While you are finishing off your work week strong, we hope you take the chance to catch up with us and all we have shared throughout this week. From talking about telling the right stories with your data - spatial and beyond - to better planning for emergency situations through Overland Flow modeling...it is all here for the reading!
It is no surprise that visualizing data can allow us to unlock the patterns and secrets it keeps locked away. Why do you think we feel it's so important to analyze your own data from time to time? Starting with a clean slate or not, visualizing can come in many forms - from building maps in ArcGIS to creating analytical dashboards in Tableau.

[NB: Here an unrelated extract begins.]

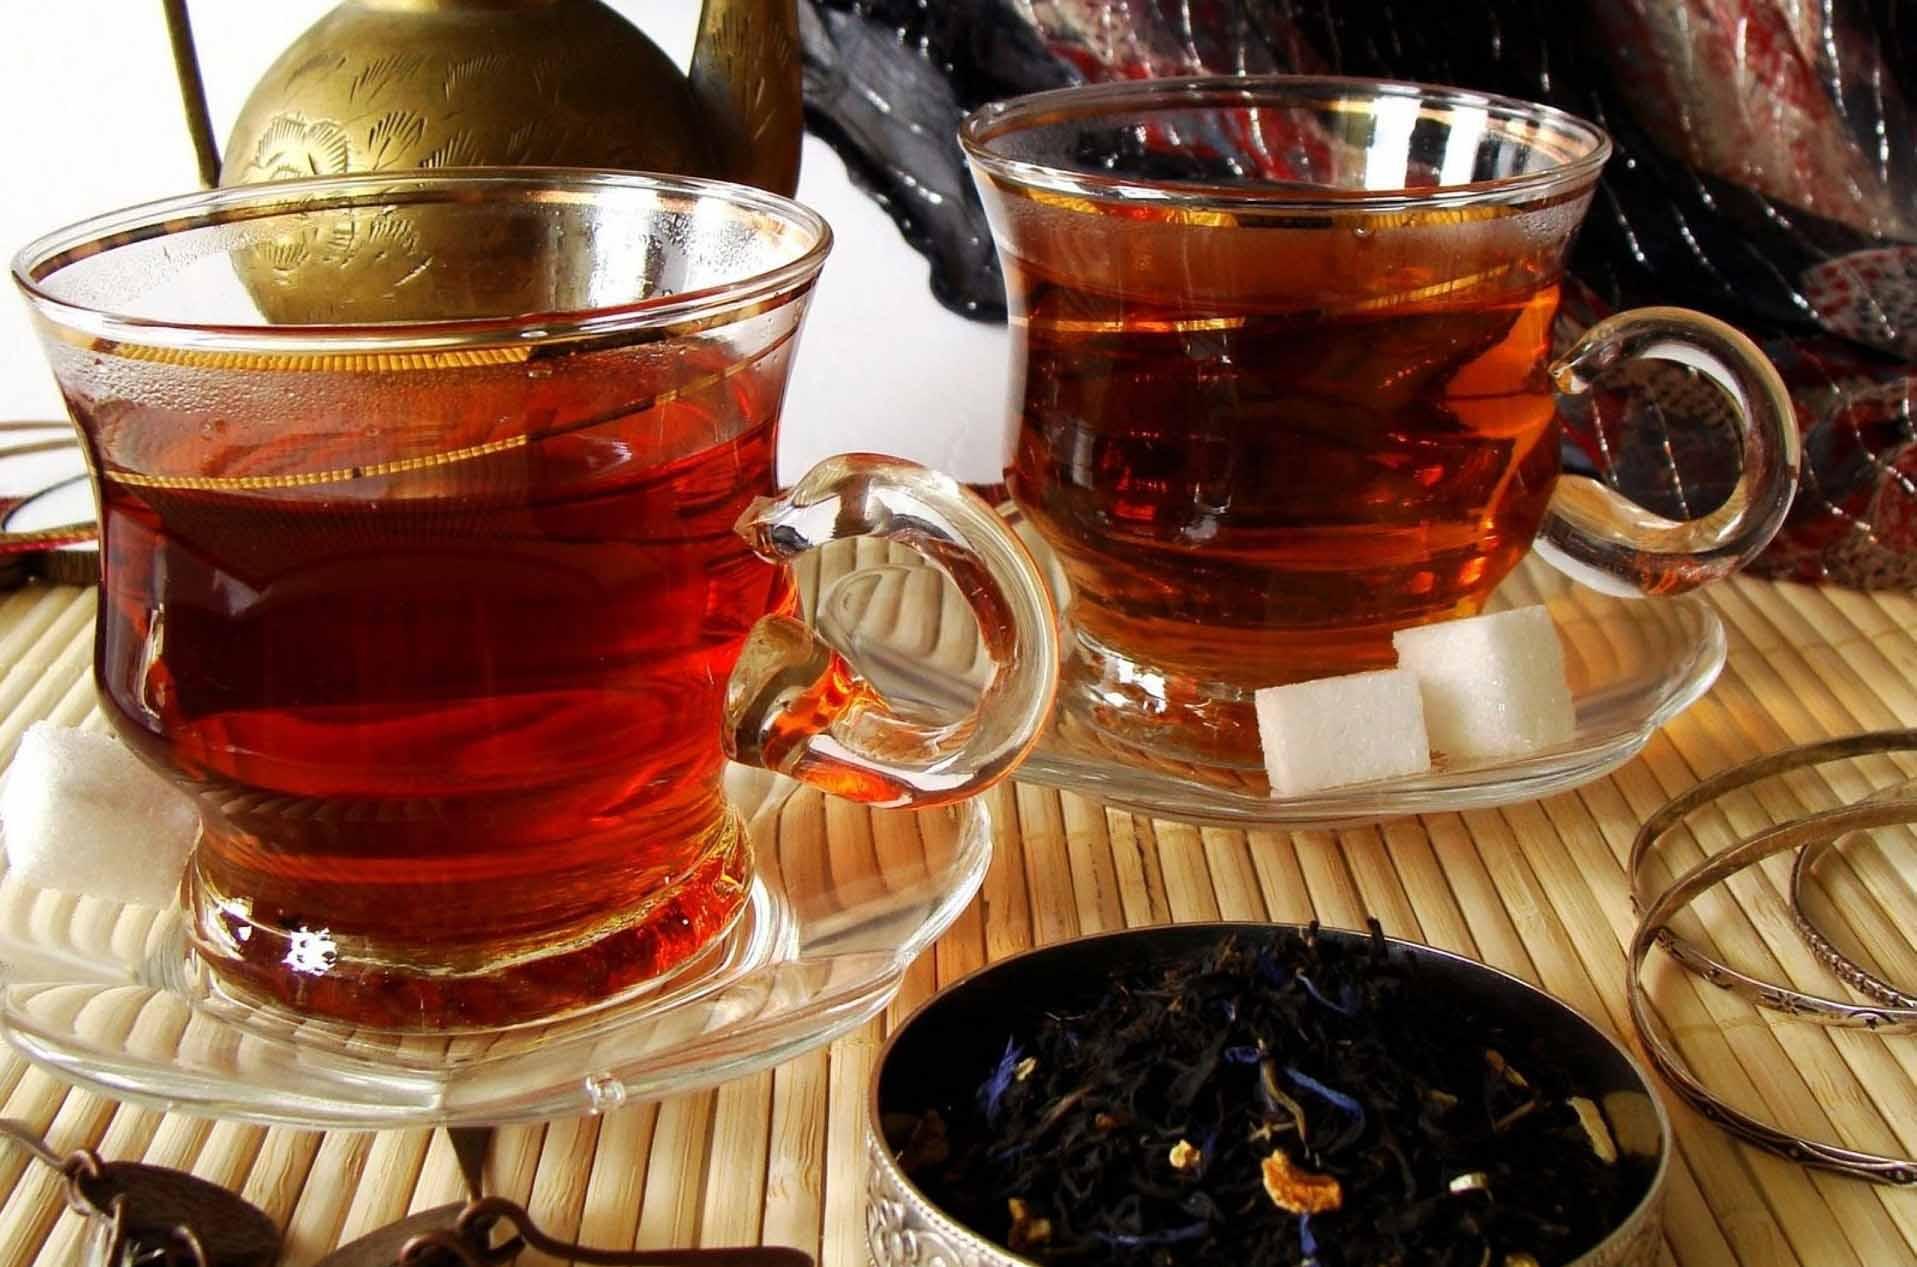 Гастроэнтеролог Арзуманян предупредила граждан РФ, что горячий чай может вызвать рак

We must ask ourselves what we want our data to tell us (i.e., what questions we need answers to) as well as what the best means to end are out there.
Thankfully, for those of us who need a nudge in the right direction, Tableau has put together a whitepaper on just that to help determine the most essential steps in telling the right story with the data at your fingertips.

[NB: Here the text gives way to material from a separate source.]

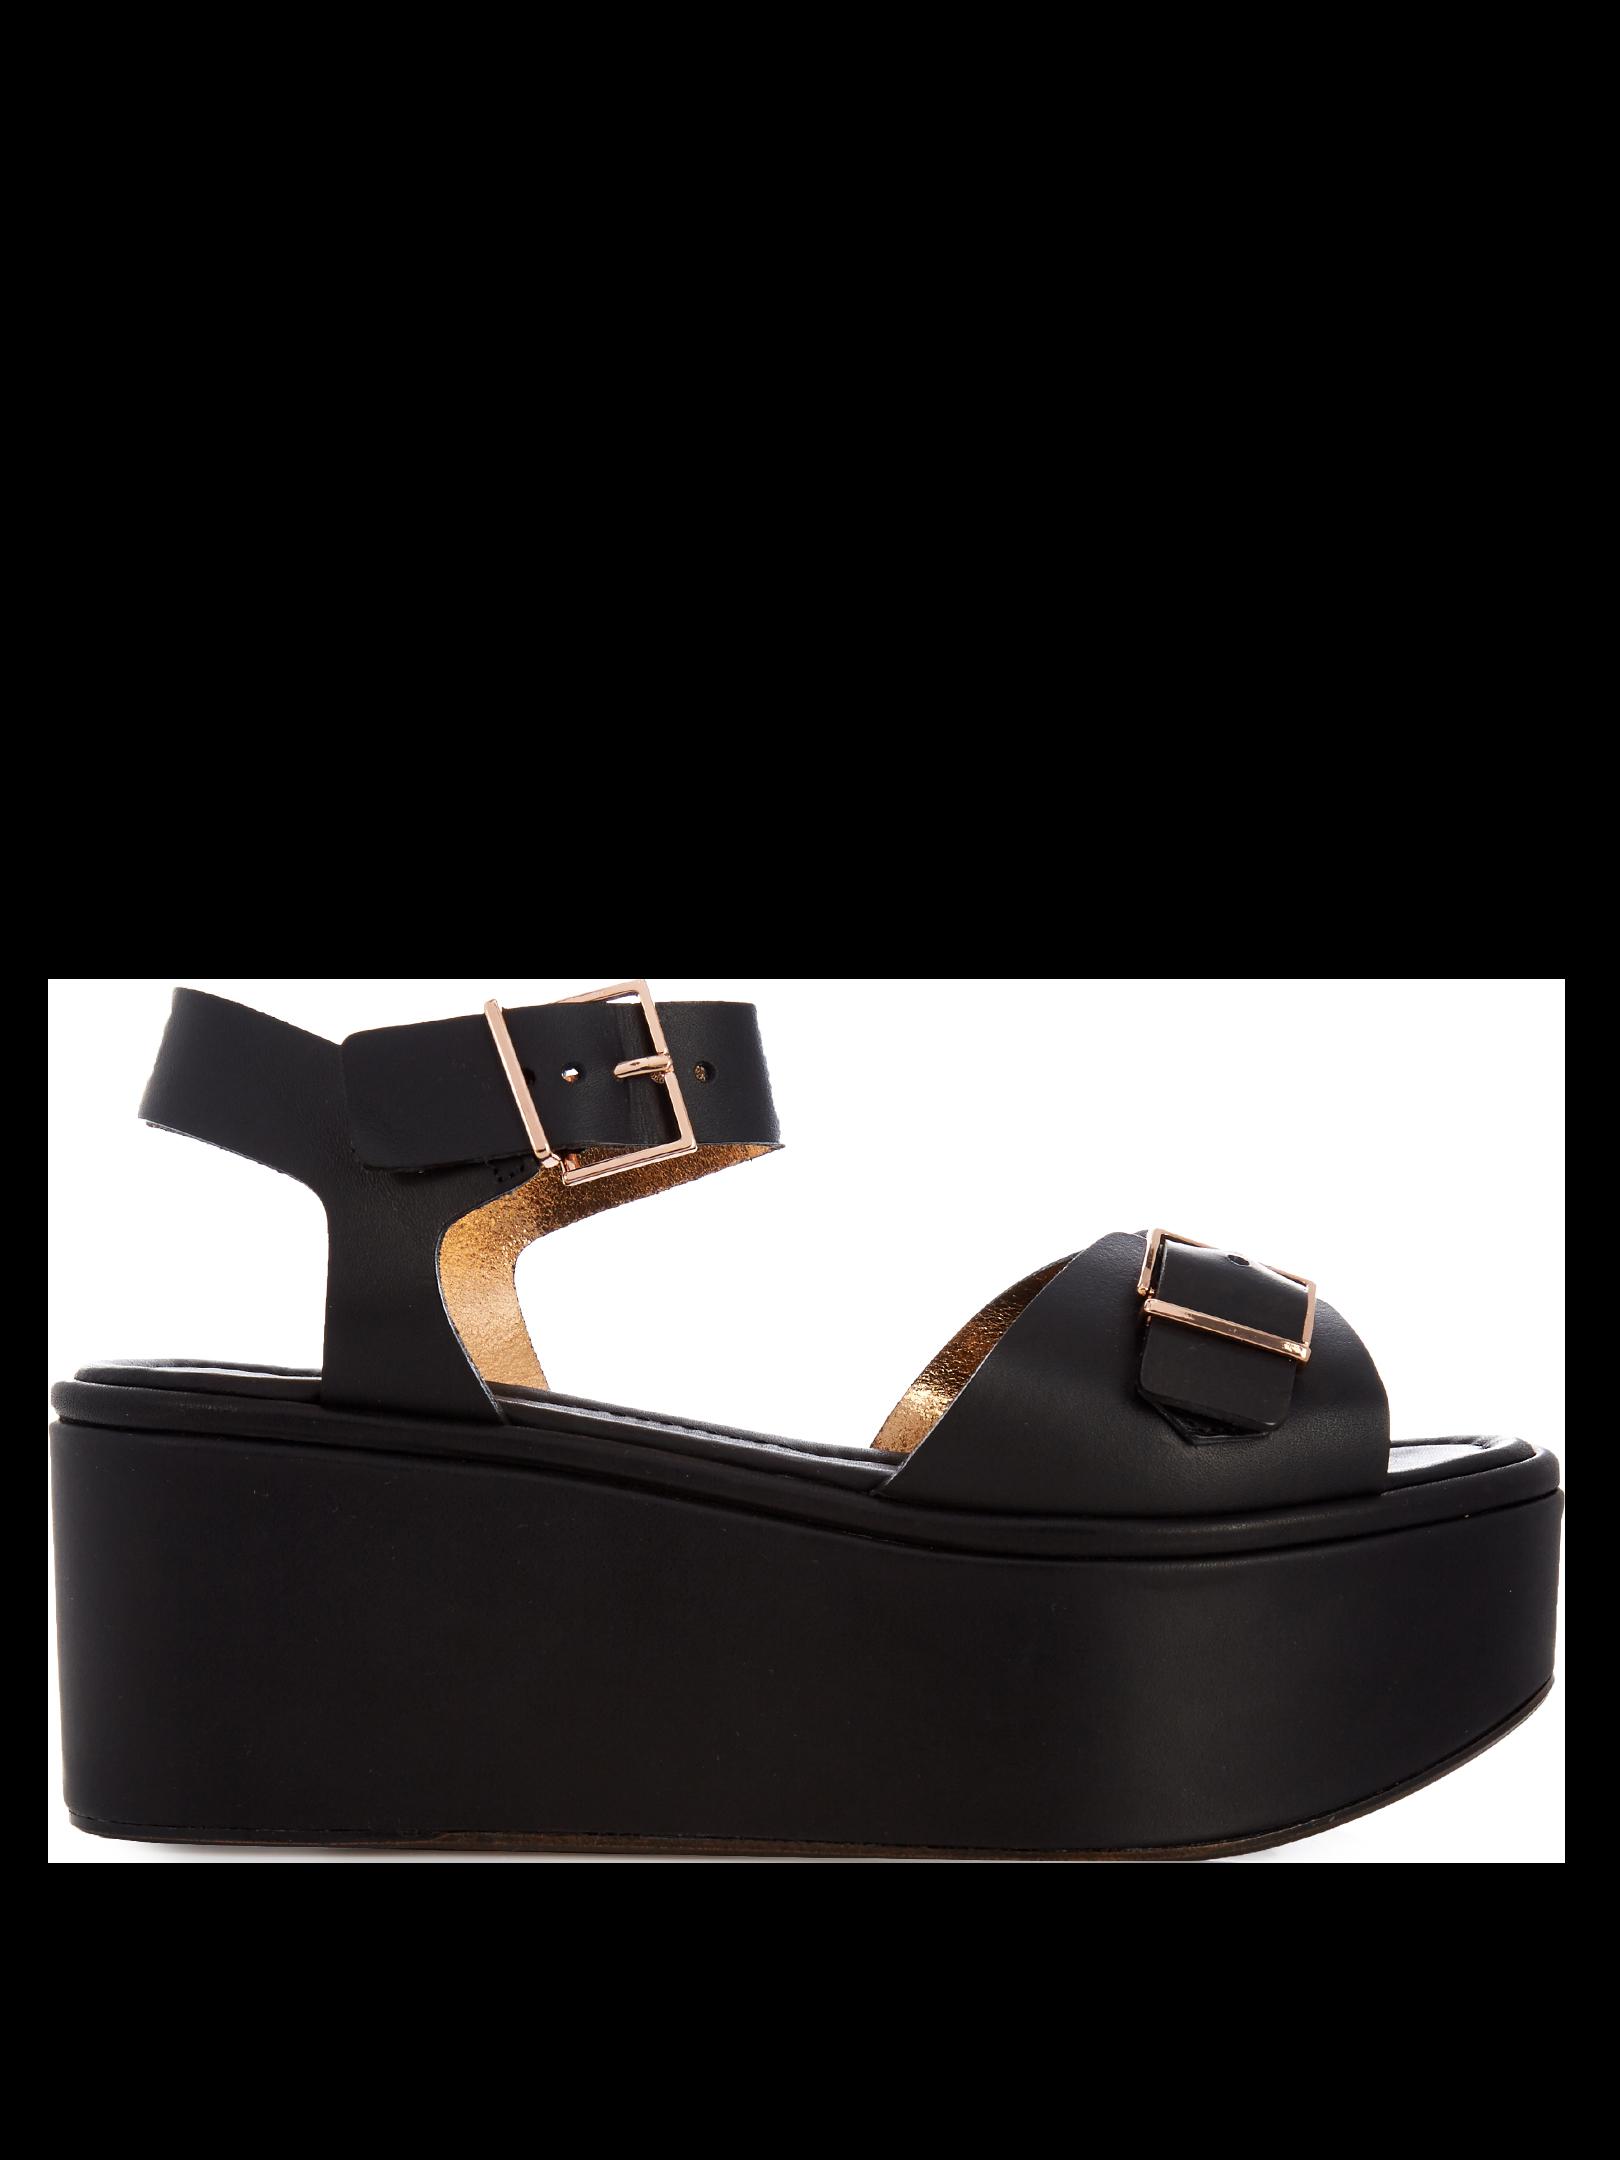 ROBERT CLERGERIE Feitv leather platform sandals

Planning is essential to all important things in our lives - especially those we do not necessarily enjoy entertaining. There is a reason that planning for a rainy day is a go-to phrase in our society. For companies managing assets whose "rainy day" could result in millions of dollars in damage to their own property, surrounding communities, and the environment, planning is a necessity and not simply a caution. With tools like Integrated Offsite, pipeline teams can prepare by modeling the flow of liquid leaks or spills to determine which areas may be impacted in the event of a spill. By applying Overland Flow modeling to Emergency Management plans, Oil and Gas companies and Emergency Response teams alike can work together in developing a response plan that helps to reduce impact all around. Find out more about this toolkit for ArcGIS here.

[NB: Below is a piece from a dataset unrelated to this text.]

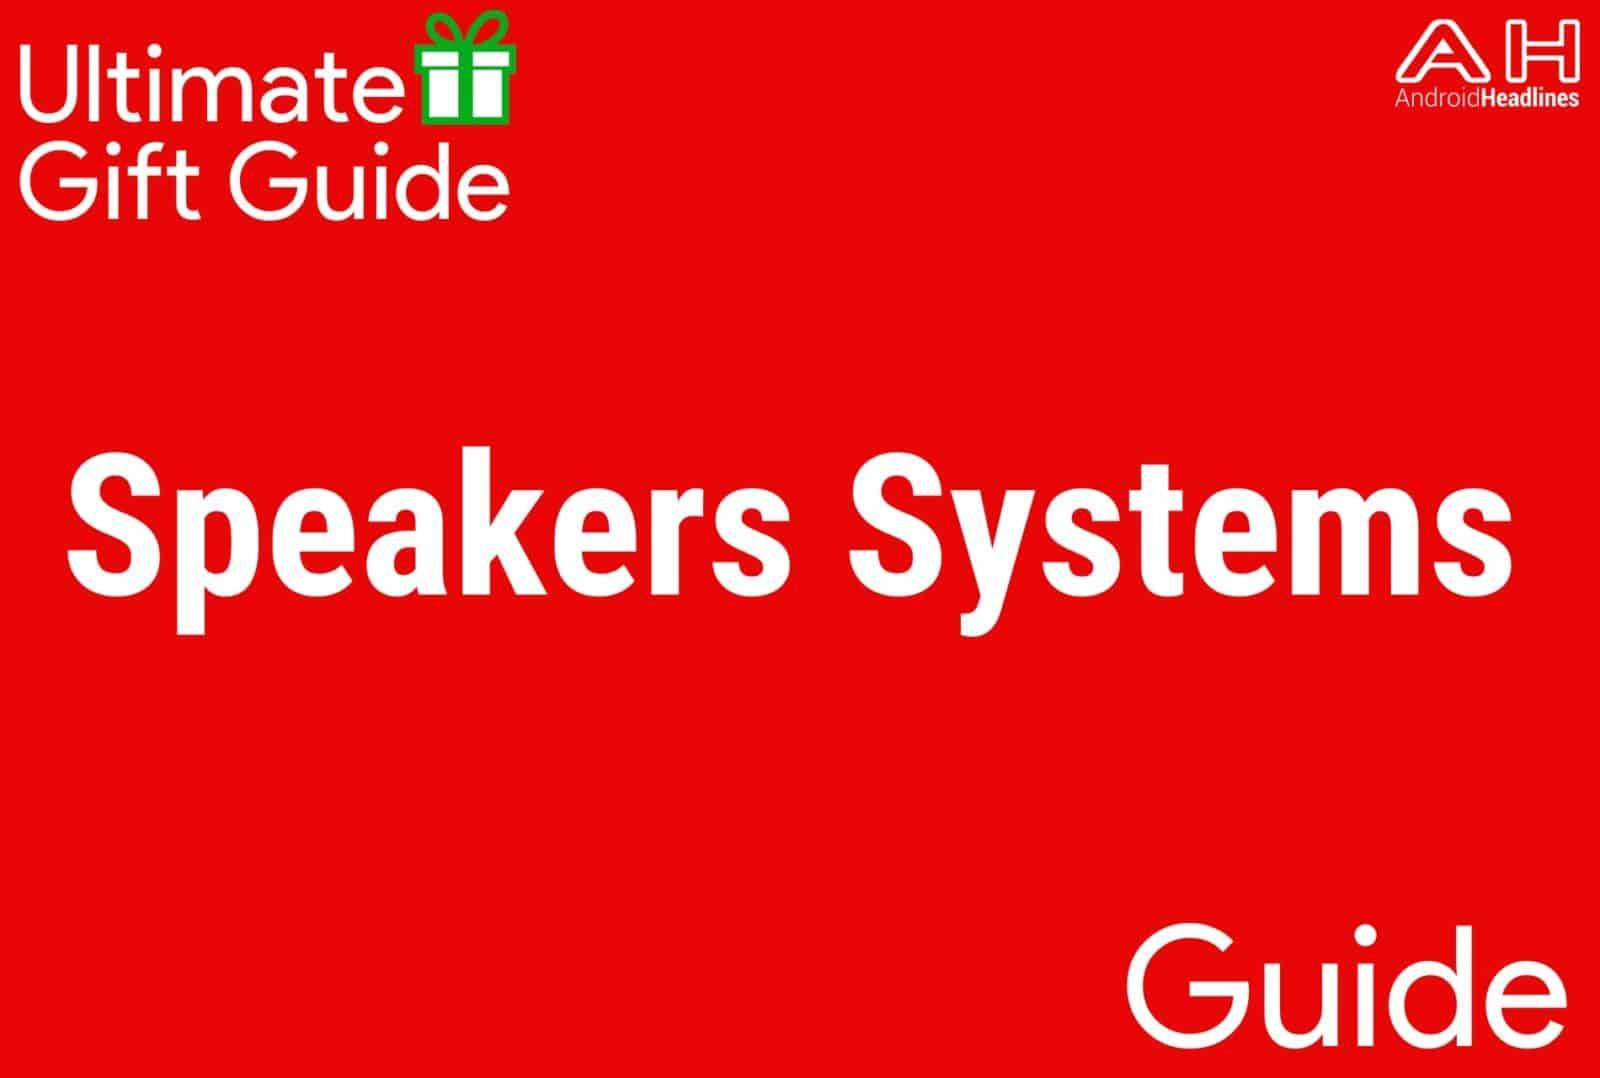 Speaker Systems - Gift Guide 2015

The newest generation of the successful RADARSAT program will see three small satellites orbit Earth in tandem to provide detailed environmental data to Canadian researchers and government departments. This program - collectively known as the RADARSAT Constellation Mission (RCM) - consists of three satellites that will replace the current RADARSAT-2 satellite after over a decade of operation.
The original mission was launched in 1995 and the technology involved in environmental monitoring has grown exponentially in function since that time.